### PROBLEM REQUIREMENTS
Reproduce the listing that follows in full. Omit its images.

### DATASET EXCERPT

****

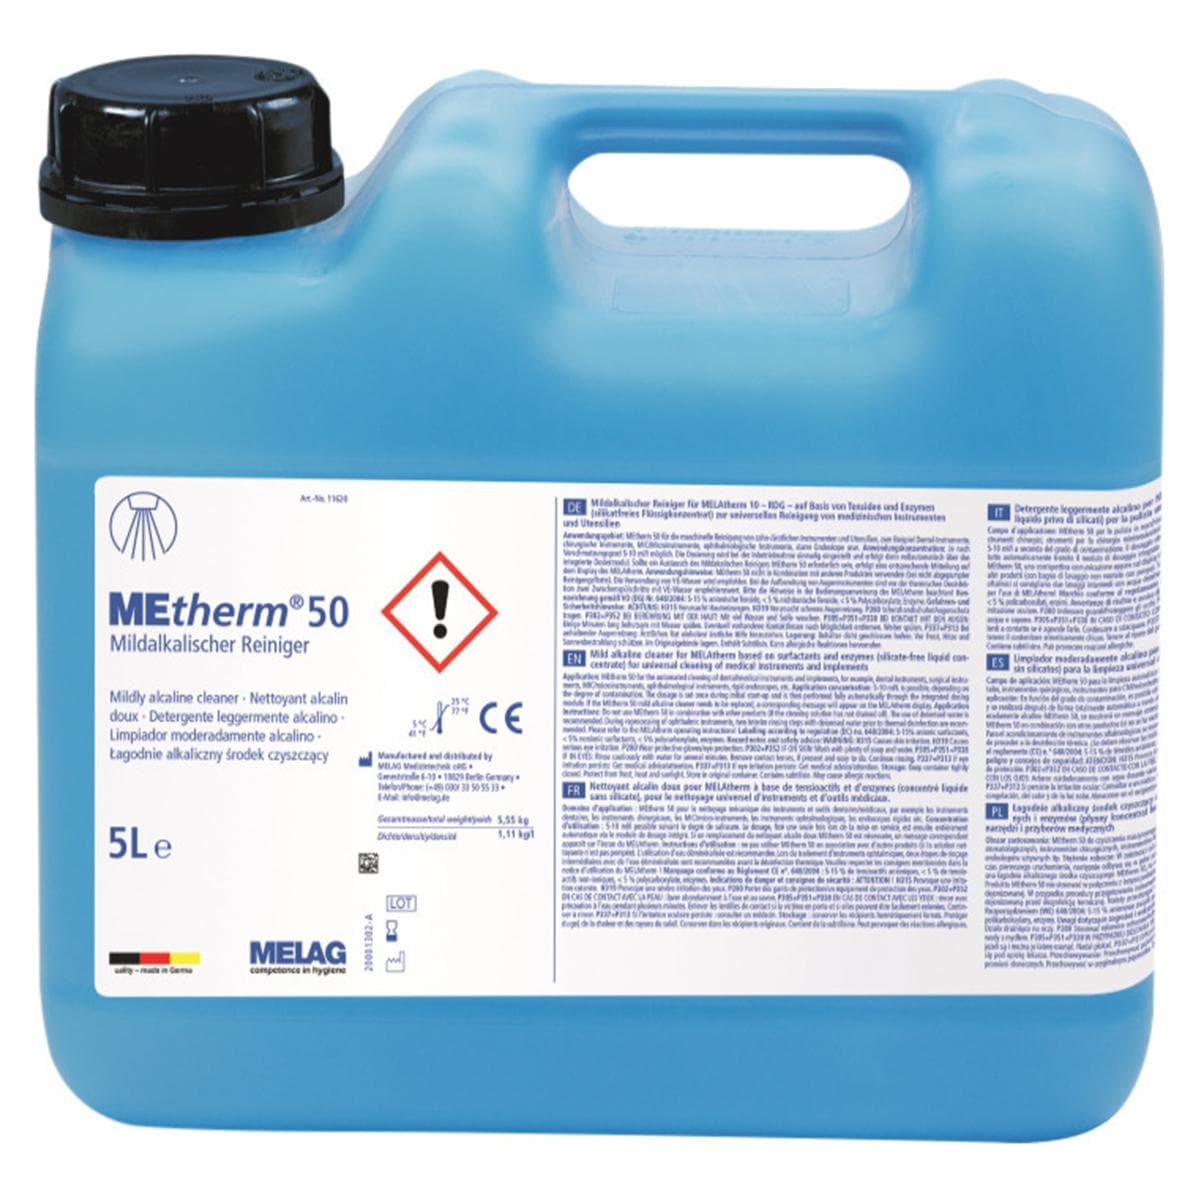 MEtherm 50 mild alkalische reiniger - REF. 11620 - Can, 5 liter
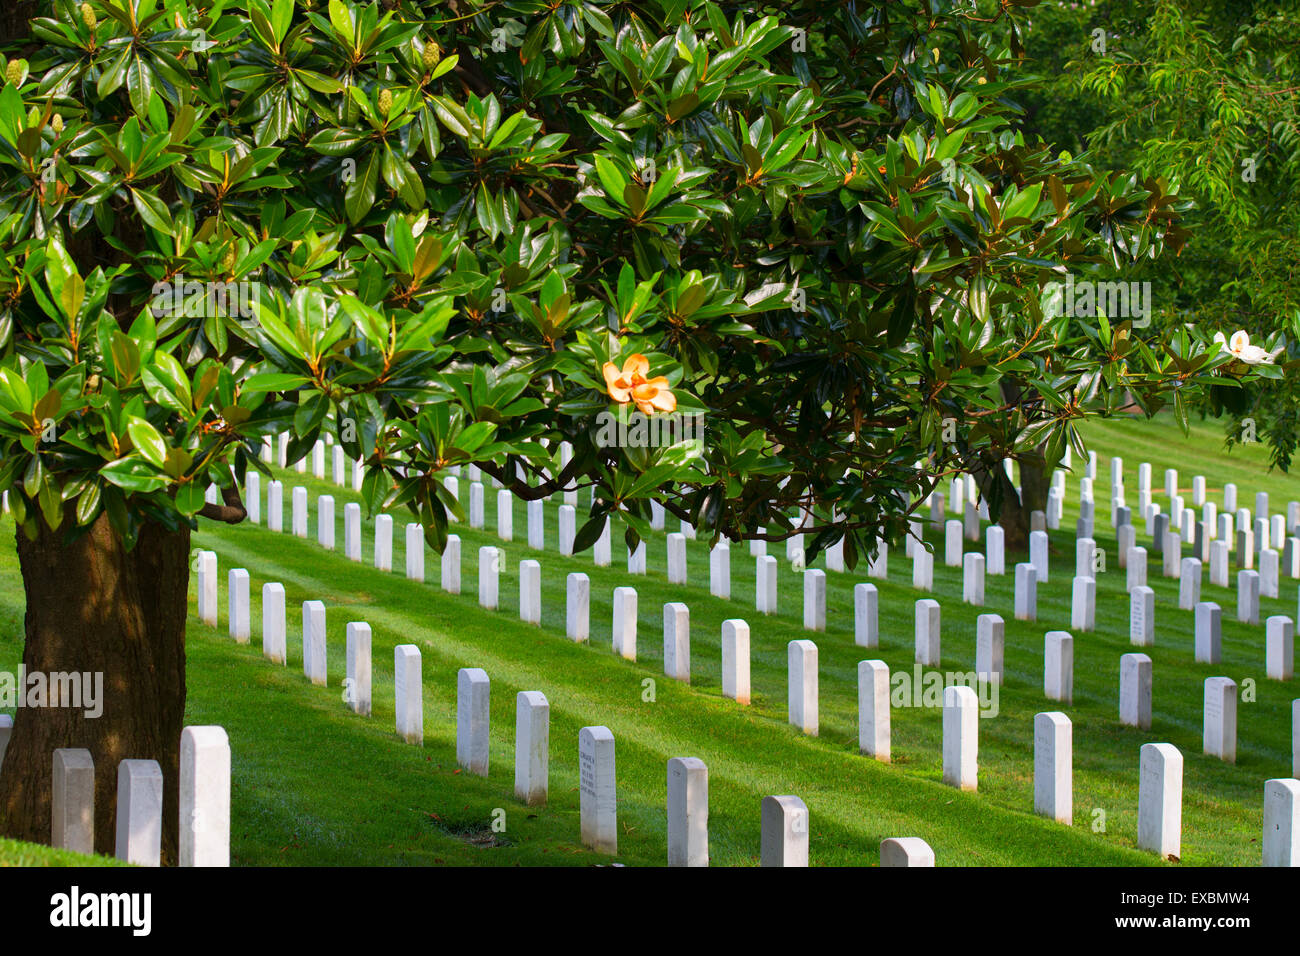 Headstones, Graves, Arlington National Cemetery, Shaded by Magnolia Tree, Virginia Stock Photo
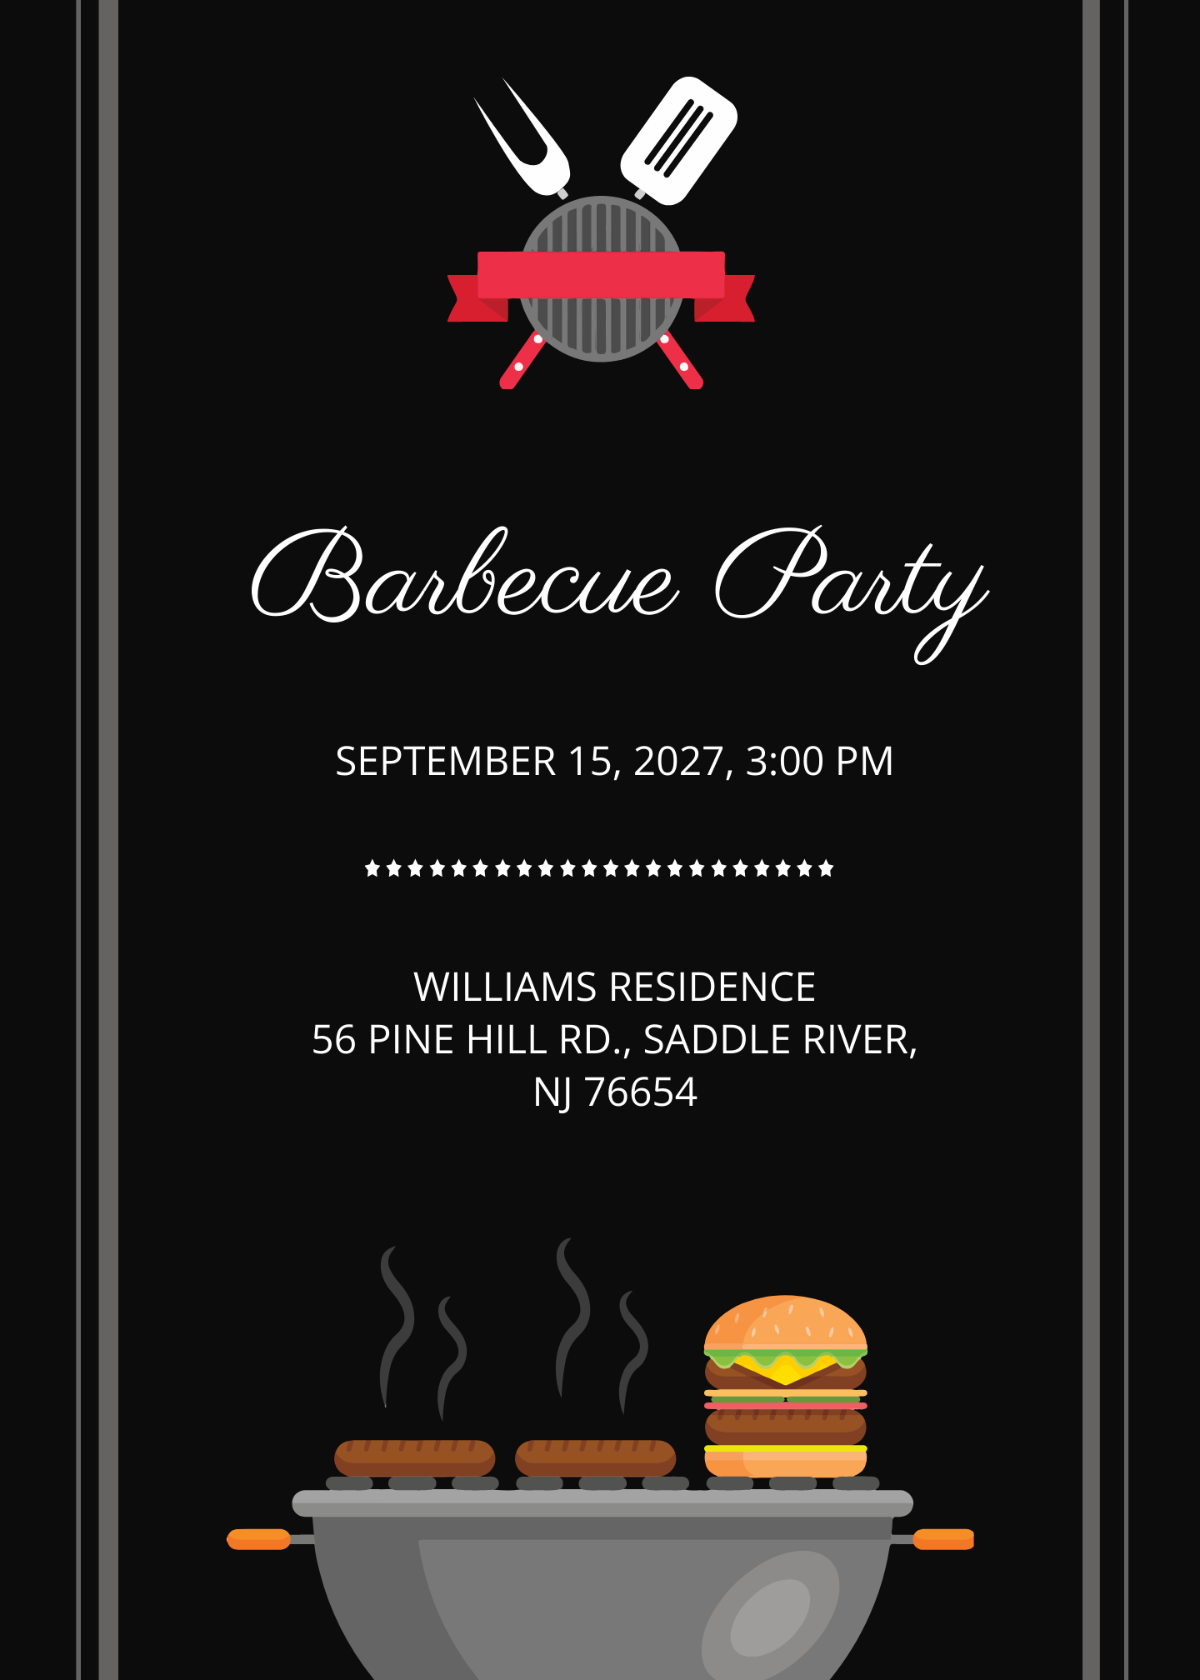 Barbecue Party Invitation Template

****

### TASK RESPONSE
 MEtherm 50 mild alkalische reiniger - REF. 11620 - Can, 5 liter
 Headstones, Graves, Arlington National Cemetery, Shaded by Magnolia Tree, Virginia Stock Photo
 Barbecue Party Invitation Template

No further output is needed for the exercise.